Y si podemos tener experiencias no-duales es porqué disponemos de un registro enterrado que algunas drogas pueden amplificar y proporcionarnos una experiencia no-dual que es lo mismo que decir una disolución del Yo o si se prefiere un reseteo del cerebro. Este reseteo es fugaz, significa que dura un cierto numero de horas y luego se vuelve a la conciencia normal, sin embargo deja en los sujetos que lo han experimentado una impronta que pueden recuperar conscientemente si la experiencia tuvo el suficiente calado para recordarla con placer.

Estas drogas son fundamentalmente el LSD-25, la psilobicina y la mescalina. Una sustancia de síntesis, el LSD derivada del cornezuelo de centeno y sustancias naturales sintetizadas por ciertos hongos. El cannabis a través el alcaloide THC pero no del cannabidiol, se encuentra a medio camino entre una droga psicomimética y psicodélica es decir es capaz de generar psicosis prolongadas a la vez que tienen propiedades médicas más que conocidas. Lo interesante de estas drogas es que no generan dependencia, ni abstinencia ni tolerancia.
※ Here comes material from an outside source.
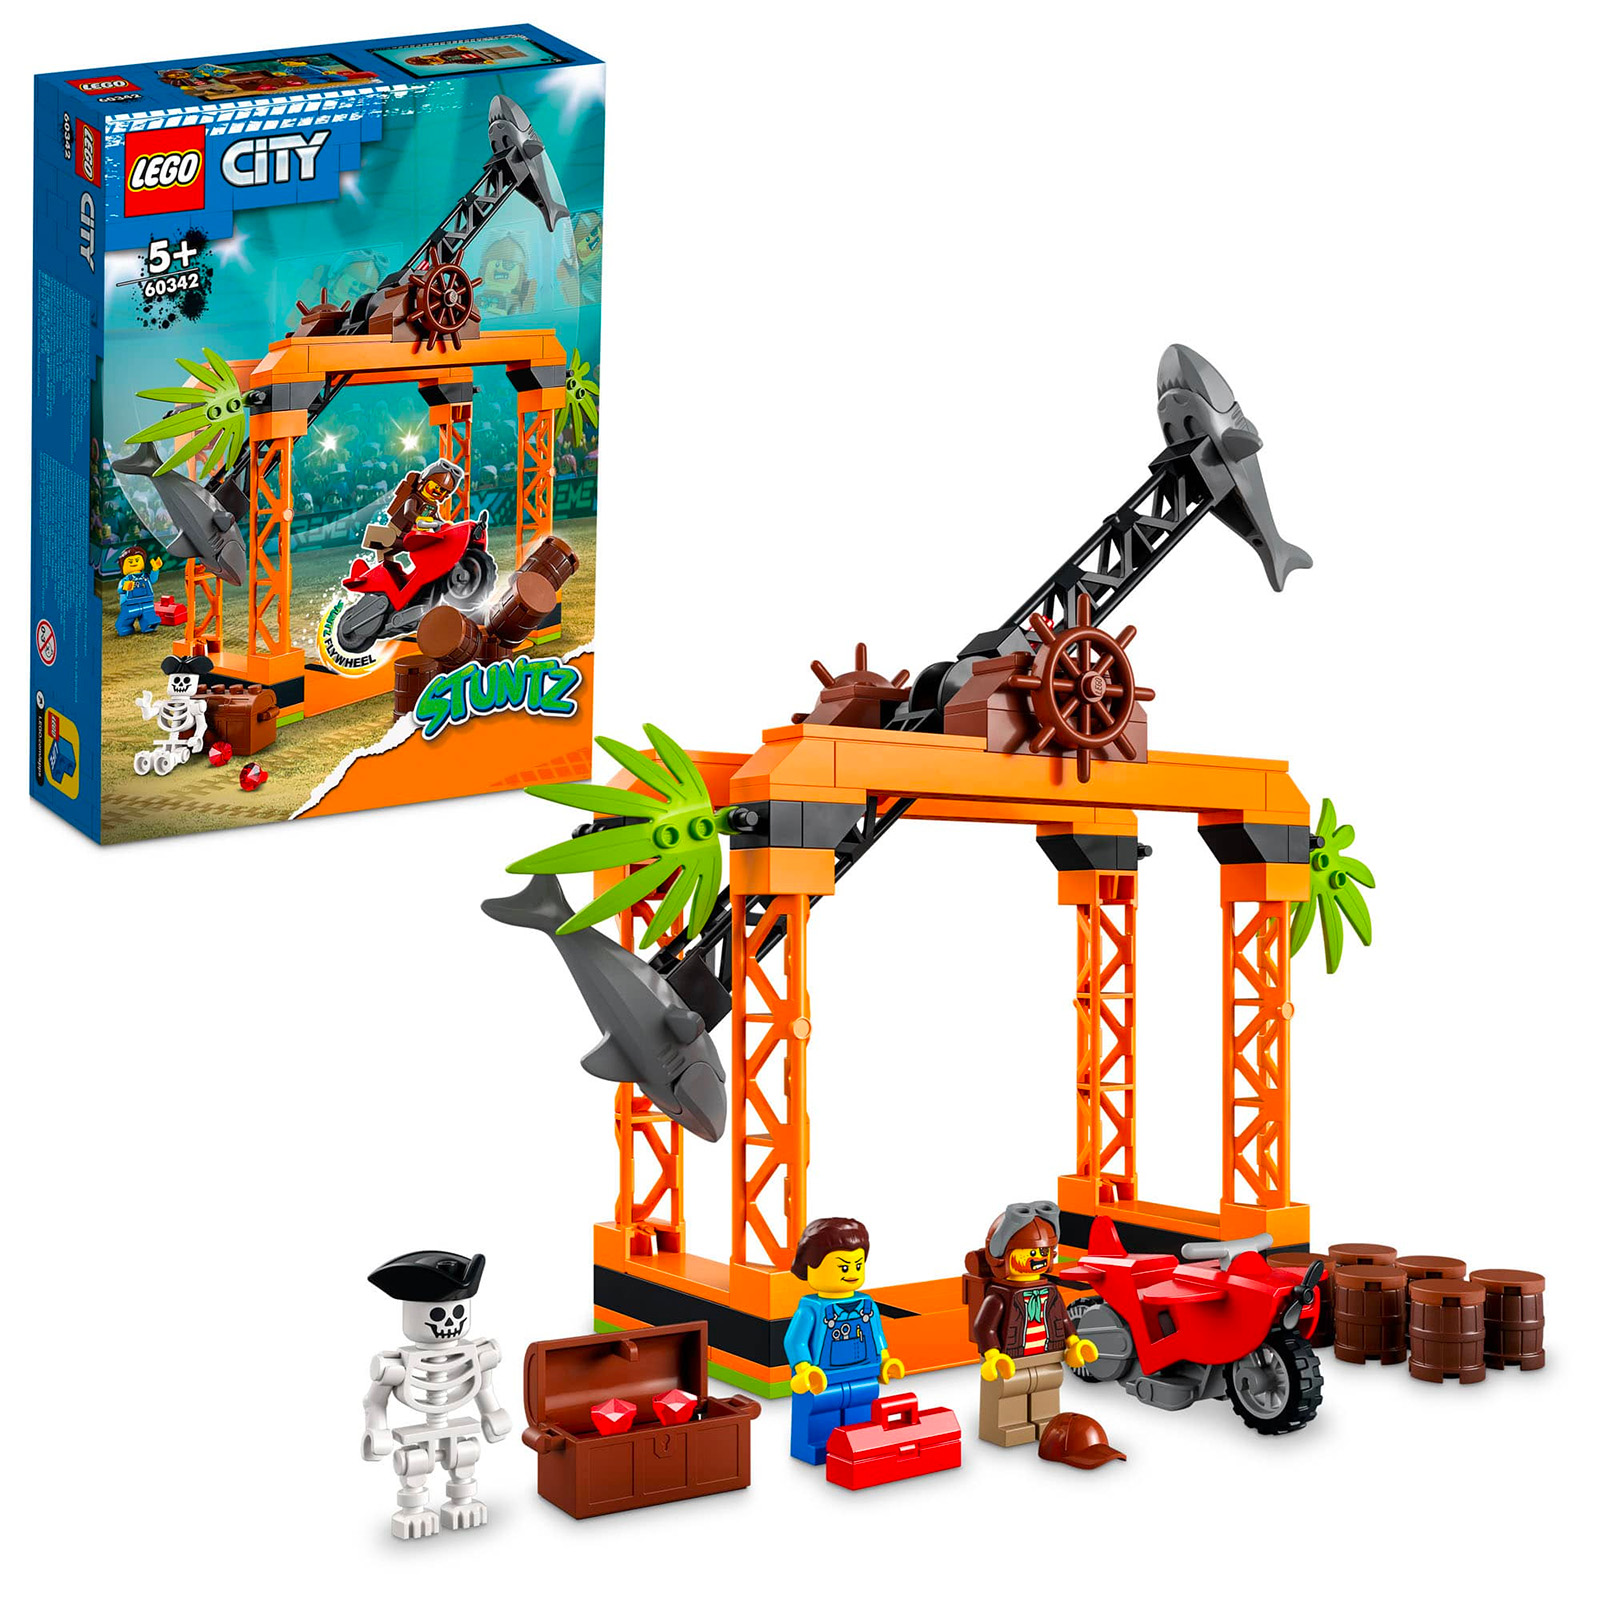 Hoth Bricks on X: Nouveautés LEGO CITY 2021 : fin des plaques de

Pero lo cierto es que pueden provocar estados psicóticos. ¿Por qué?

Más arriba sugerí que los efectos de estas drogas dependen del tipo de experiencia que proporcionan y no tanto de su efecto químico. Una de las cosas que más llamaron la atención a sus exploradores fue que el efecto no era siempre el mismo. Debemos a Alfred Hubbard, el protocolo que lleva su nombre y que caracteriza la evidencia de que sus efectos dependen de dos variables: Actitud y escenario. A lo que yo añadiría otra: la edad. Los sujetos jóvenes son más vulnerables que aquellos adultos que ya han cimentado su psiquismo y que son los que no suelen naufragar a la experiencia psiquedelica.

Actitud significa que lo que se haya leído, lo que se sepa, el pánico moral social, los prejuicios y temores, las sugestiones recibidas y en suma lo que el sujeto piense sobre lo que va a suceder junto con lo que puede haber de amenazador en su inconsciente tiene mucho que ver con la experiencia que tendrá y que esta experiencia puede ser liberadora o aterradora. El escenario se refiere a cómo se consume el psicodélico, no es lo mismo tomarlo en un bosque con arroyos y flores alrededor que en una discoteca, con un acompañante o guía o solo. Actitud y escenario tienen mucho que ver con sus efectos y seguro que volveré mas adelante sobre esta cuestión cuando plantee qué es eso de una experiencia espiritual.

Los psiquiatras que saben sobre esta cuestión se dividen en dos grupos: 1) los que piensan que la experiencia psiquedélica es una psicosis tóxica y los que piensan que es un experiencia mística, es decir los que consideran el modelo psicomimético y los que consideran el modelo psicodélico que parece que poco a poco va siendo sustituido por el modelo enteogenico.

En el próximo post exploraré las razones por las que casi 20 años de investigación y evidencias médicas fue ninguenada por los gobiernos a partir de la declaración de guerra que hizo Nixon a las drogas y que todavía se prolonga hasta nuestros días. El lector podrá observar como la investigación médica sobre este asunto comenzó en los 50 y se prolongó hasta 1970 aproximadamente y podrá comprobar el papel que en el futuro podremos obtener del uso médico de estas sustancias. Pues hay una buena noticia y es que actualmente se está volviendo a investigar sobre los efectos que estas drogas pueden proporcionar a la medicina y sobre todo a nuestra especialidad, la Psiquiatría.